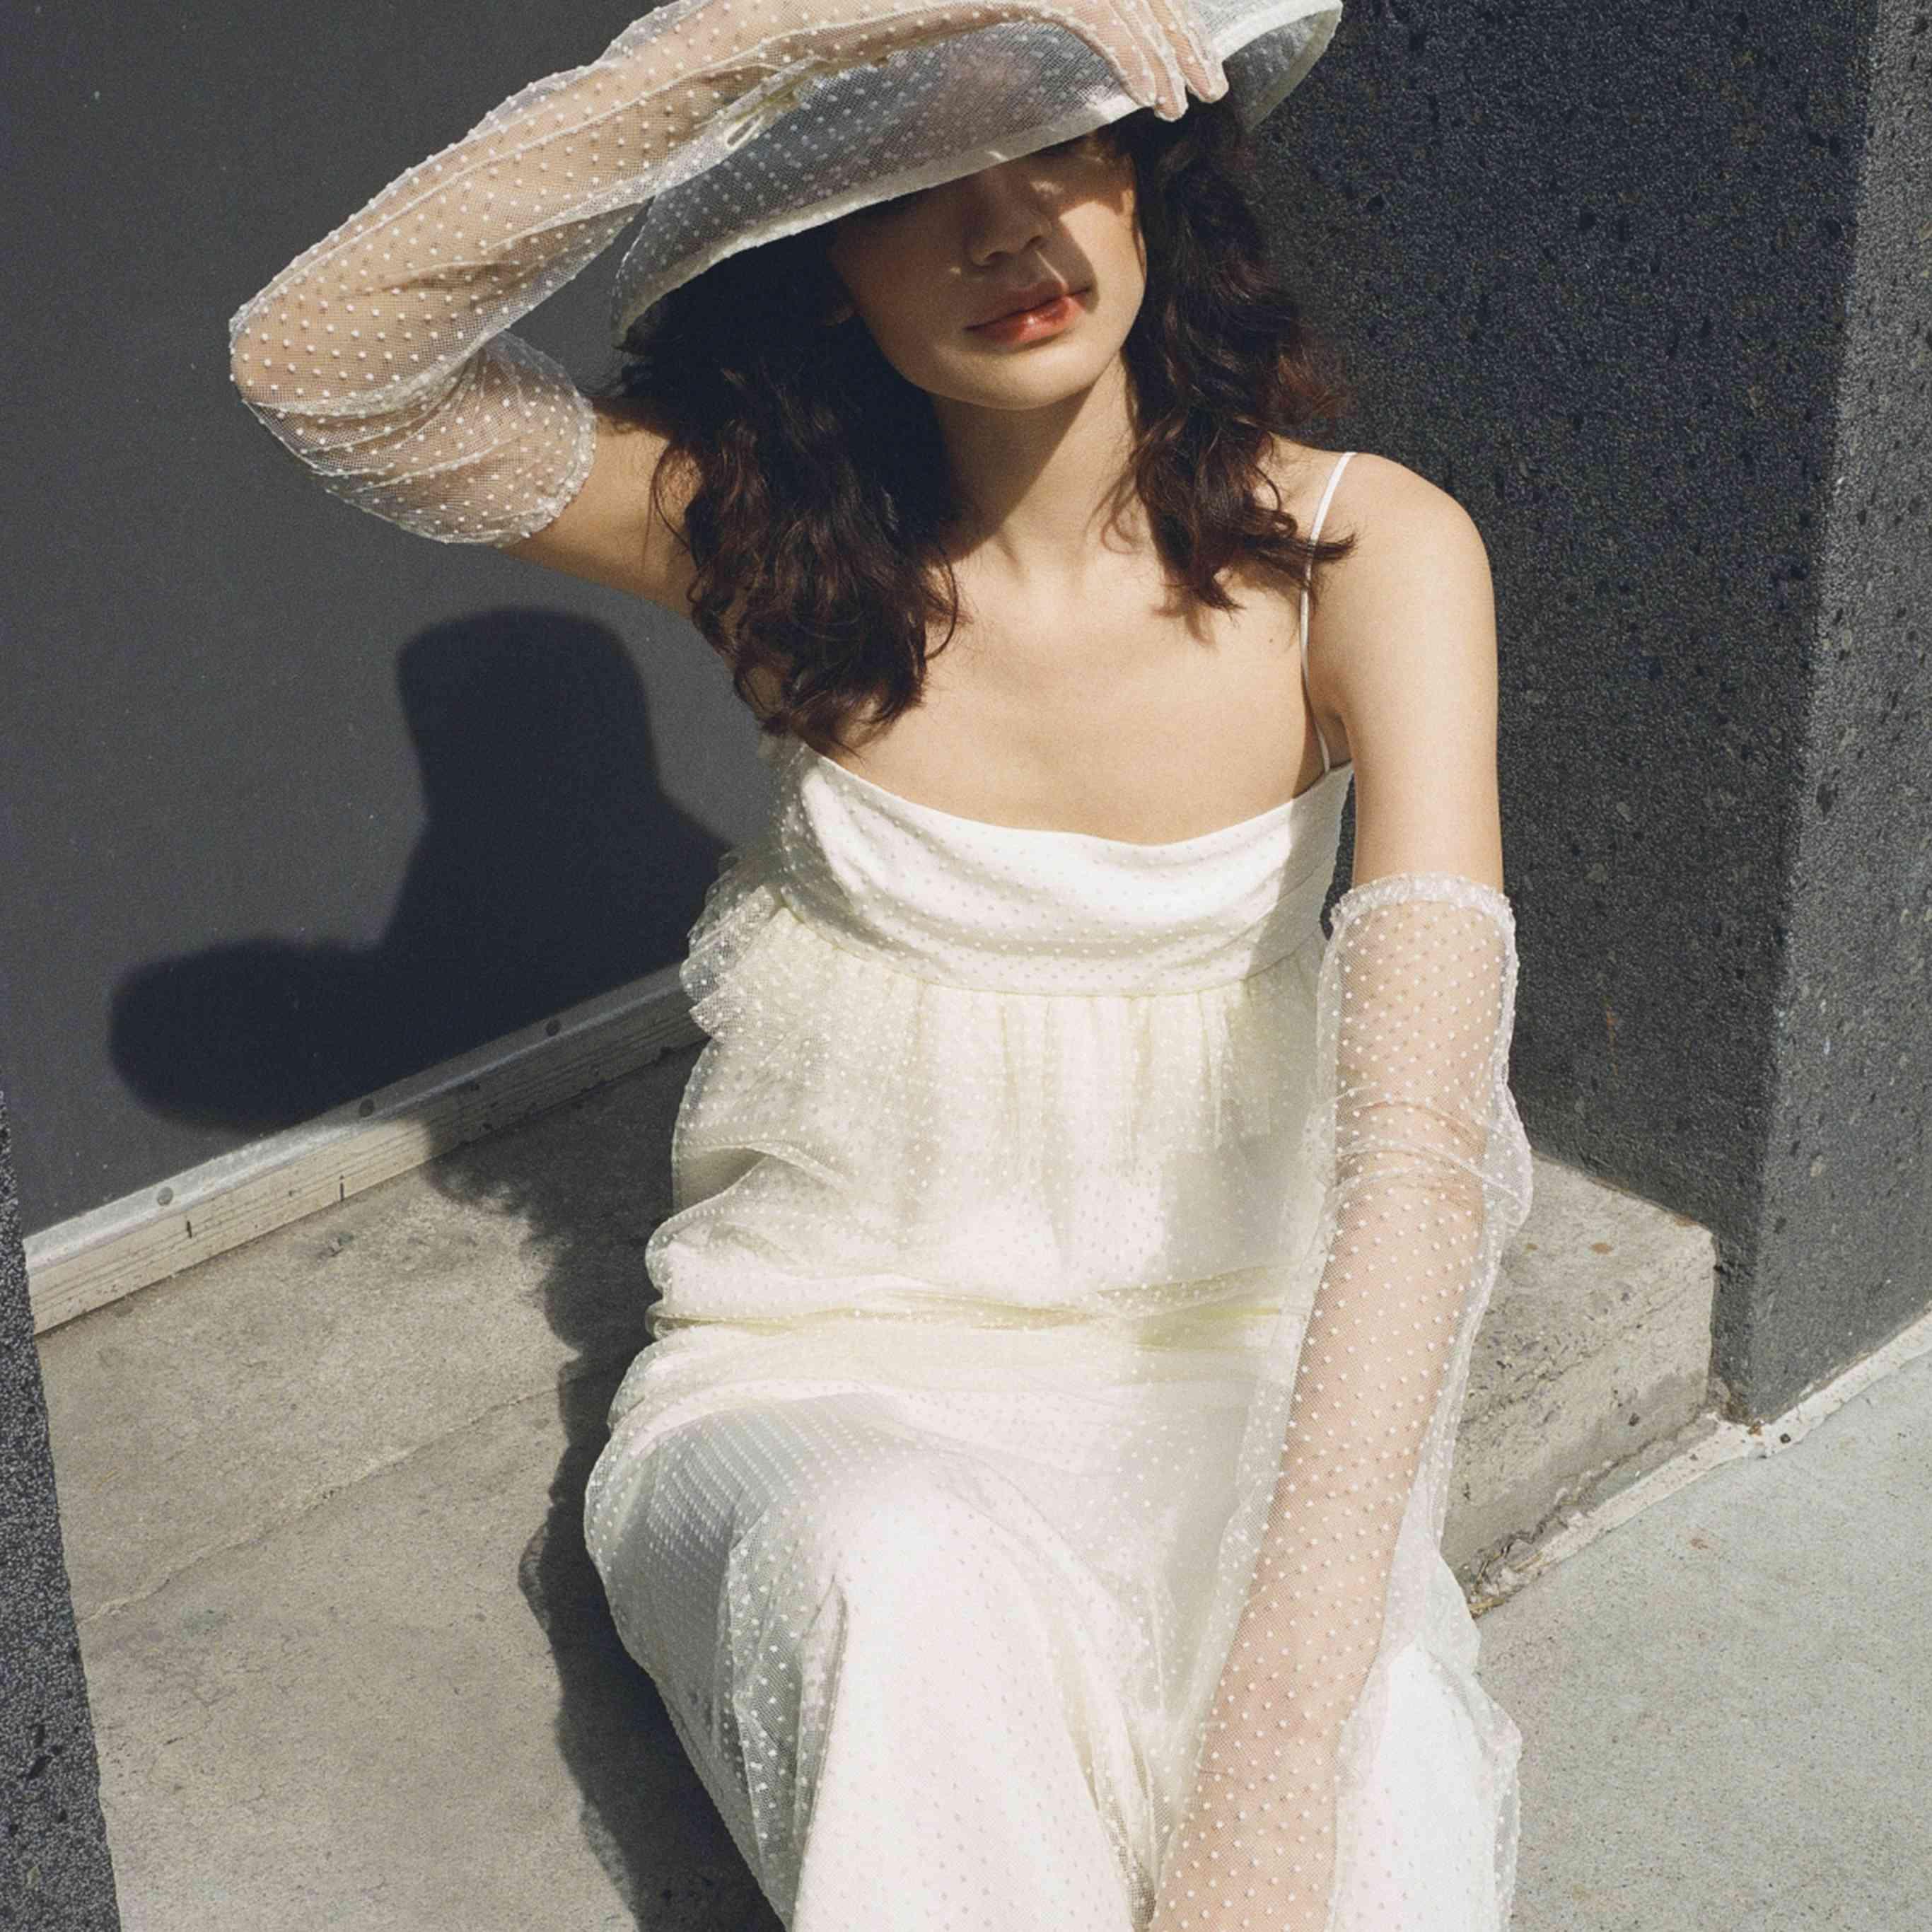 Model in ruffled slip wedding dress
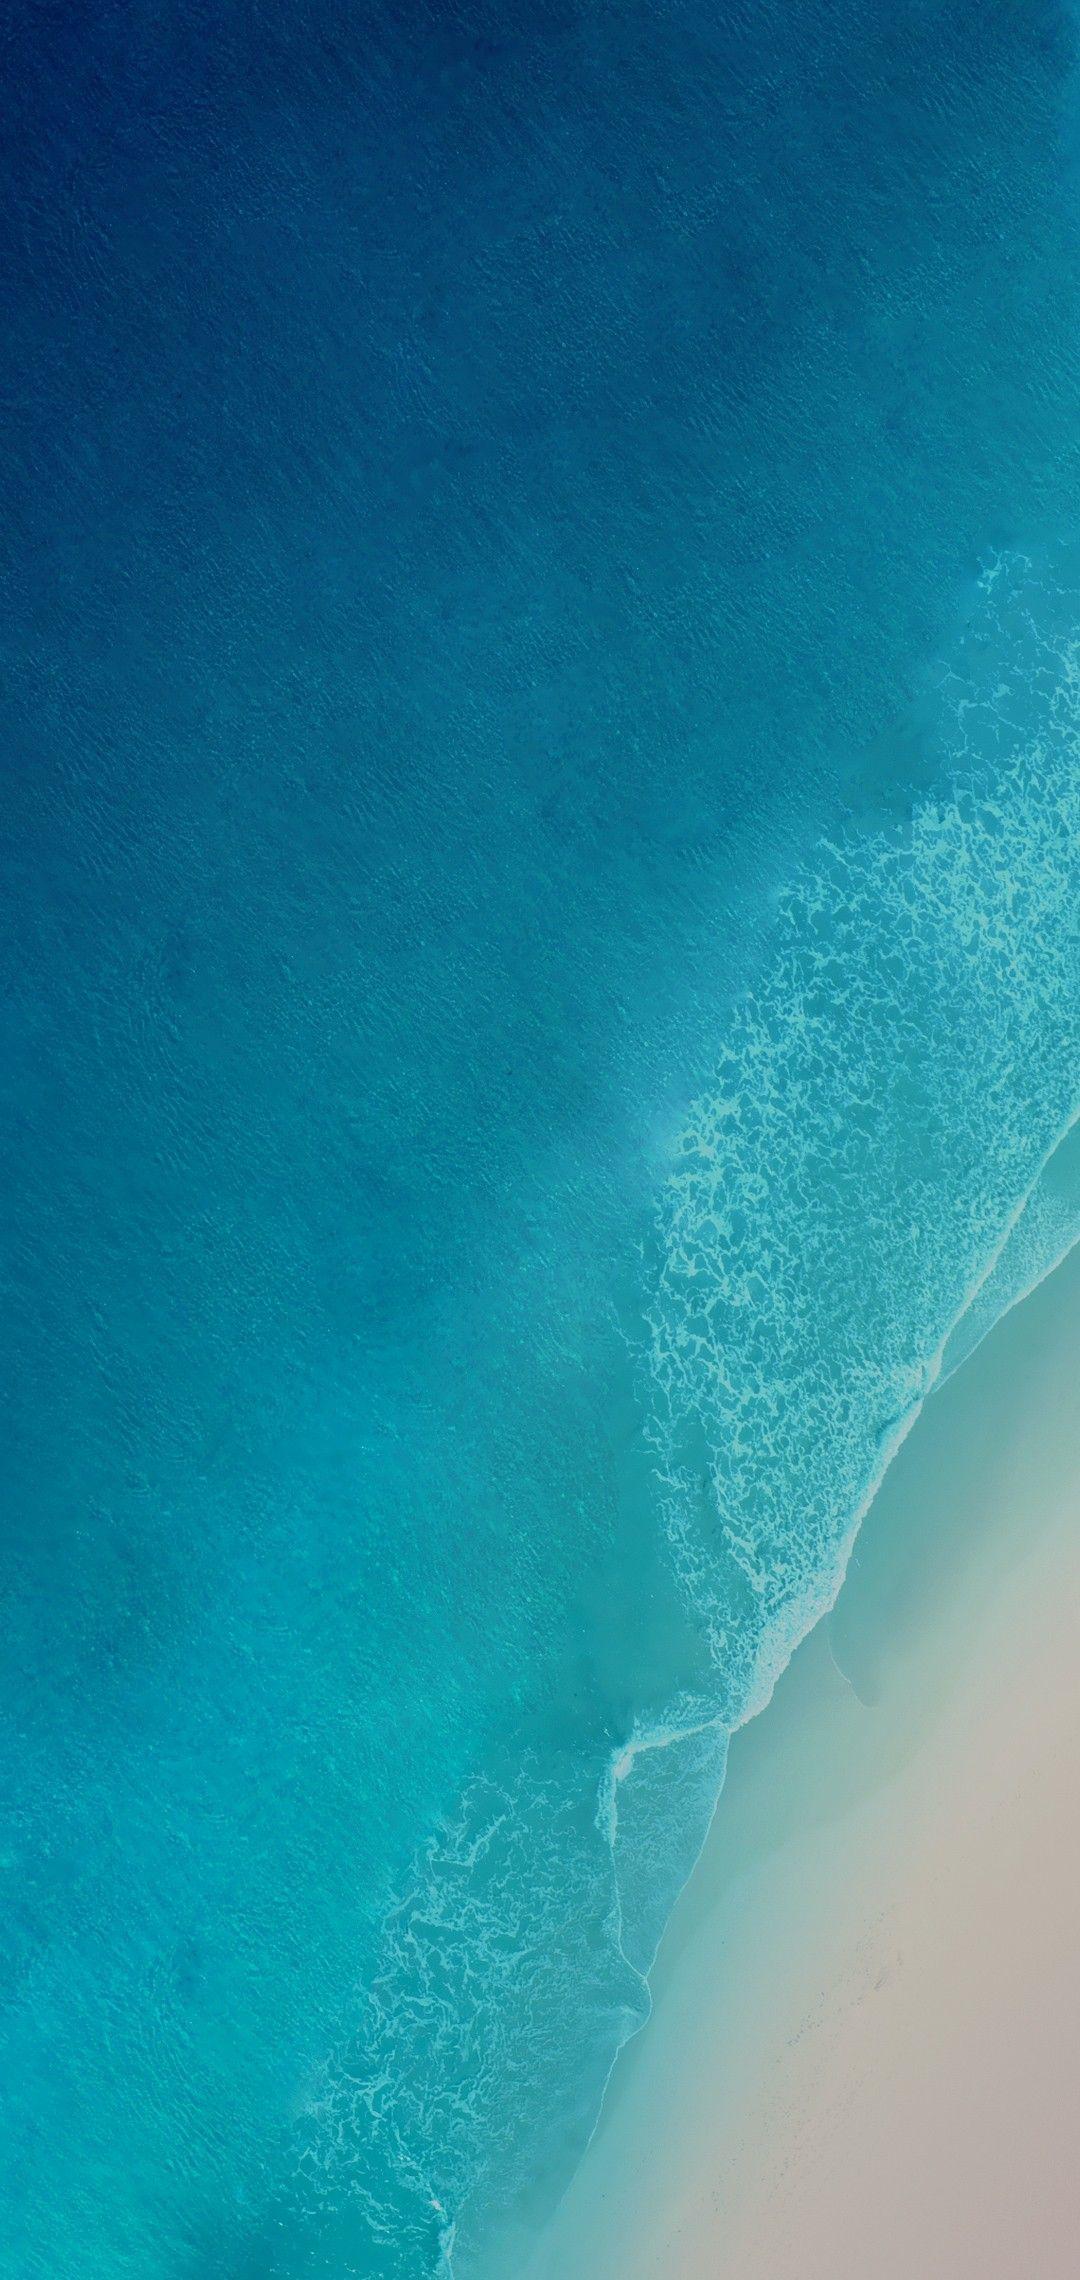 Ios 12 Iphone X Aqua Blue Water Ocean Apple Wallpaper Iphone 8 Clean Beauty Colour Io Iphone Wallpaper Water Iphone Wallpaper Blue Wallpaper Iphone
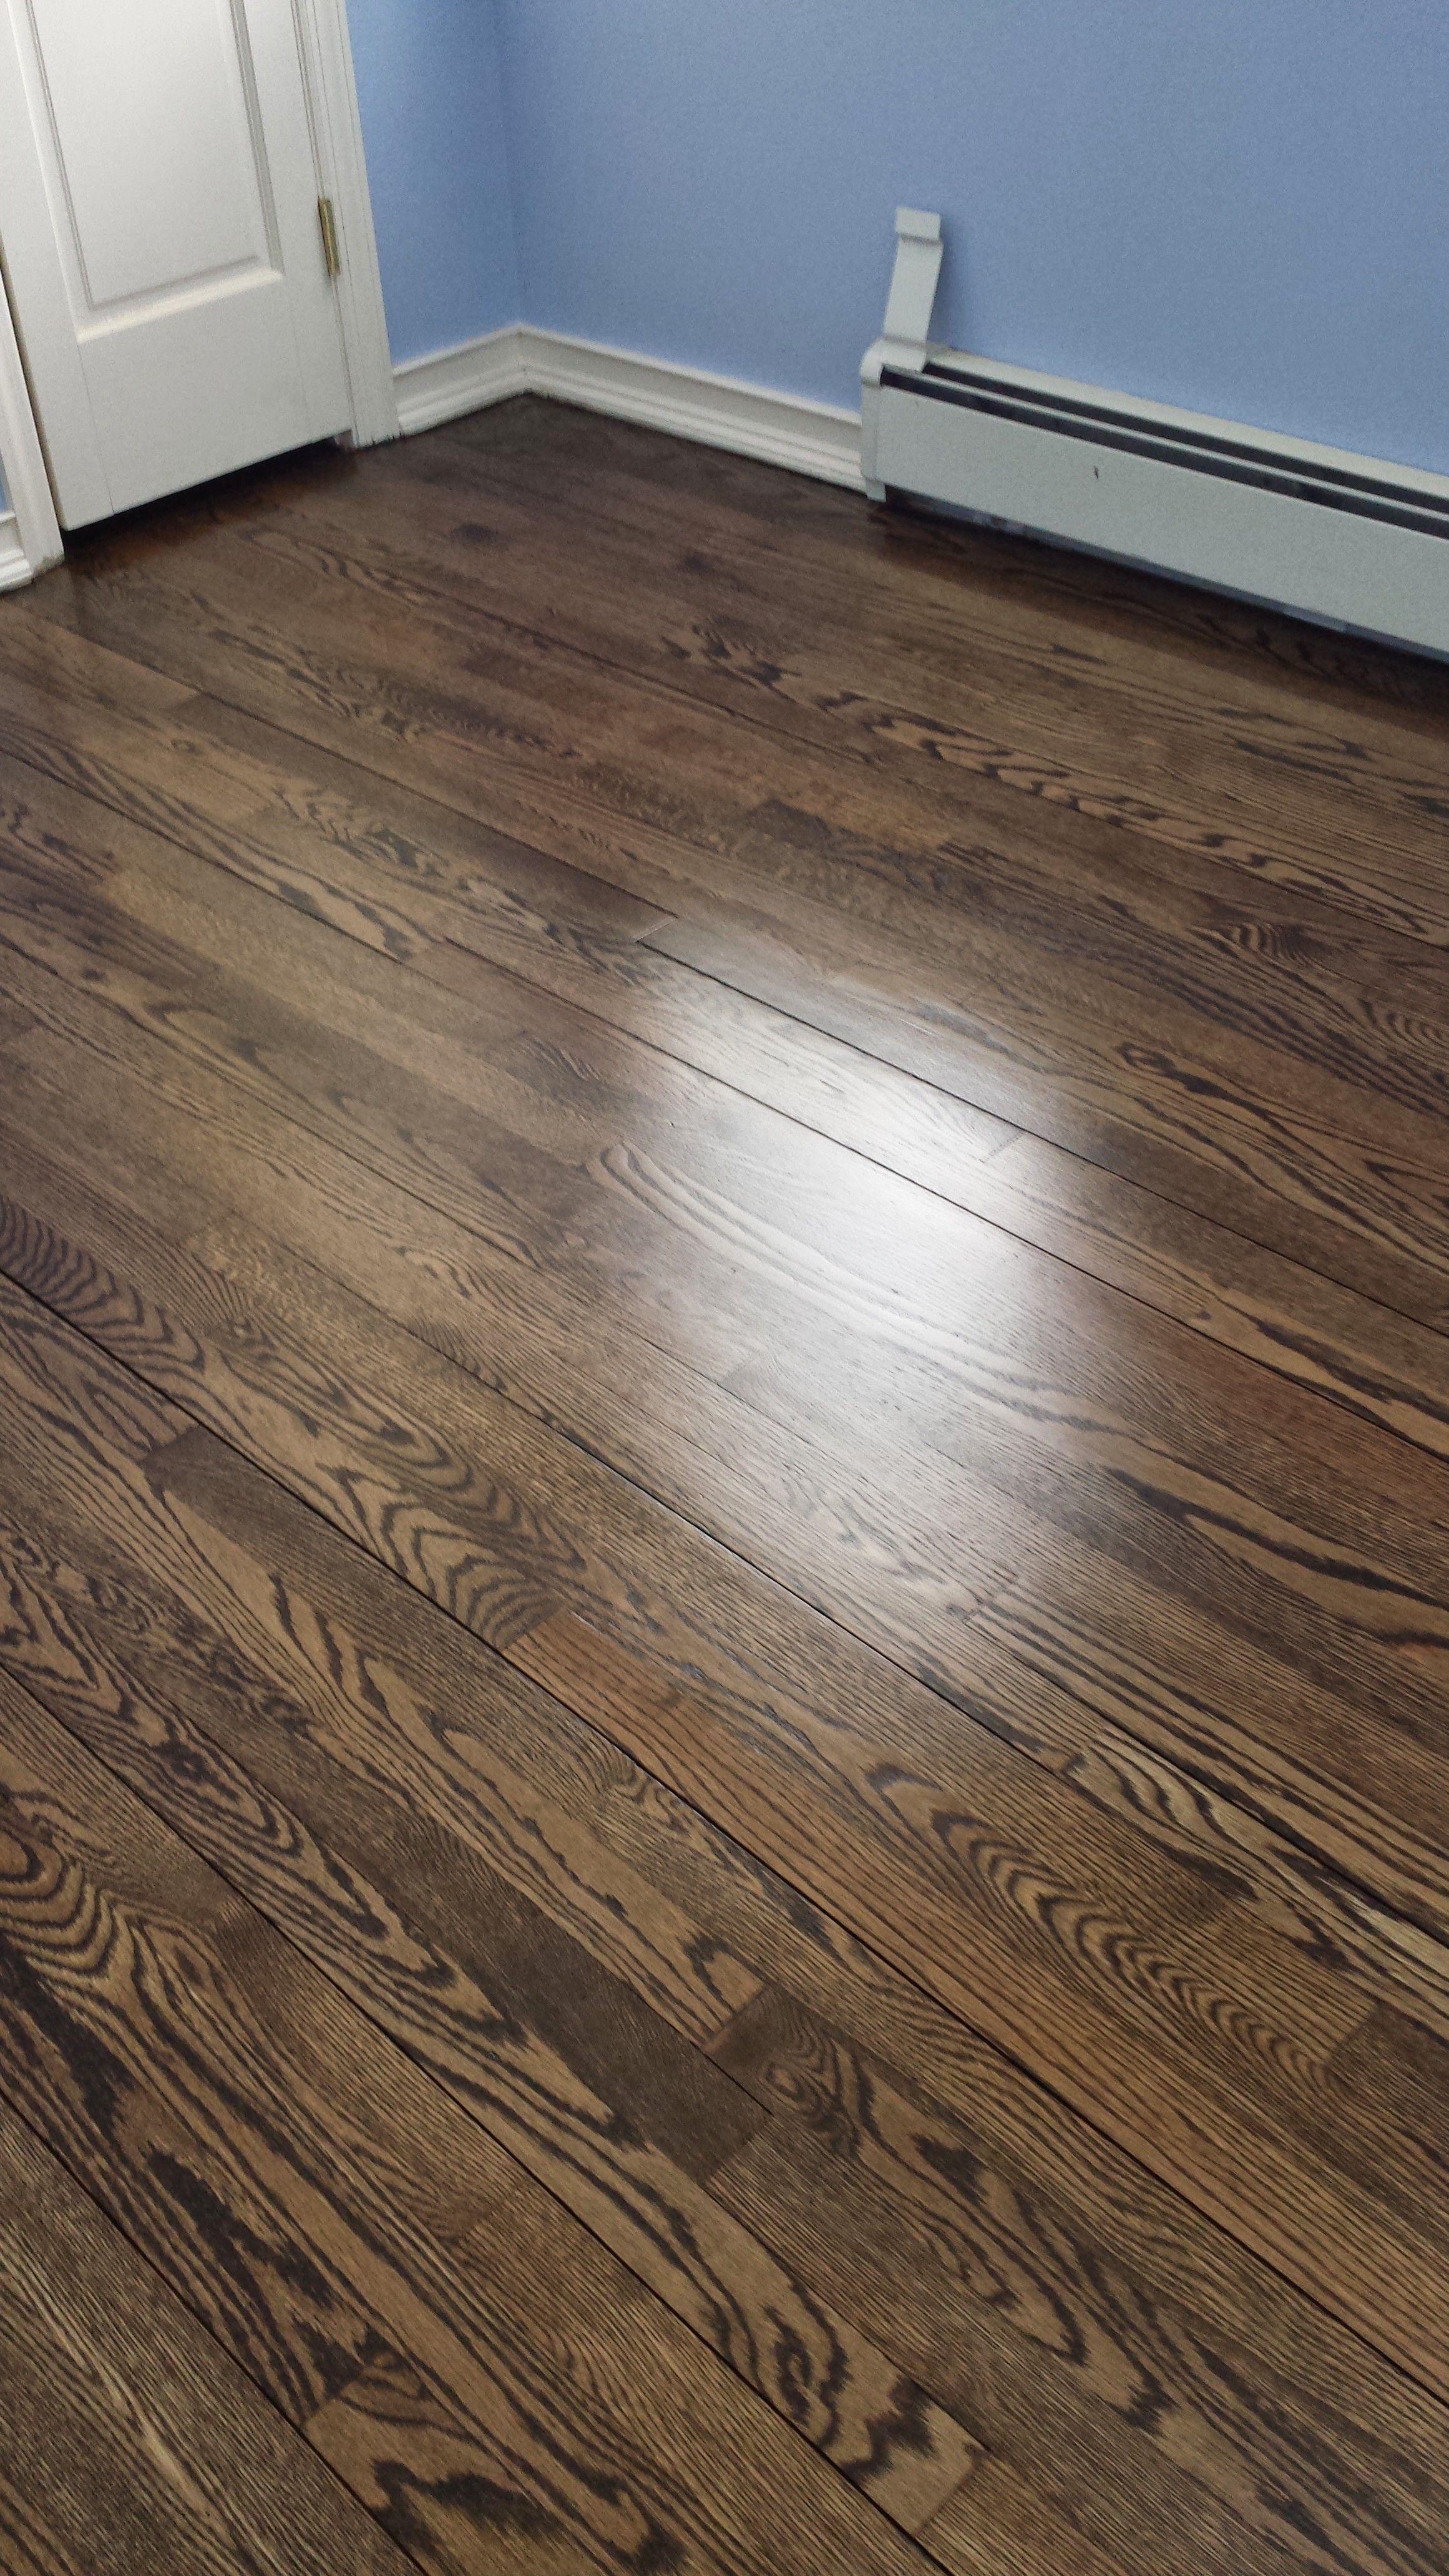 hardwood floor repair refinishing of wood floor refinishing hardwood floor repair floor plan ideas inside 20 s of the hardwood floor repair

Exercise brief -
Give back each line above verbatim, dropping every picture.

Response to this task -
 Model in ruffled slip wedding dress
 Ios 12 Iphone X Aqua Blue Water Ocean Apple Wallpaper Iphone 8 Clean Beauty Colour Io Iphone Wallpaper Water Iphone Wallpaper Blue Wallpaper Iphone
 hardwood floor repair refinishing of wood floor refinishing hardwood floor repair floor plan ideas inside 20 s of the hardwood floor repair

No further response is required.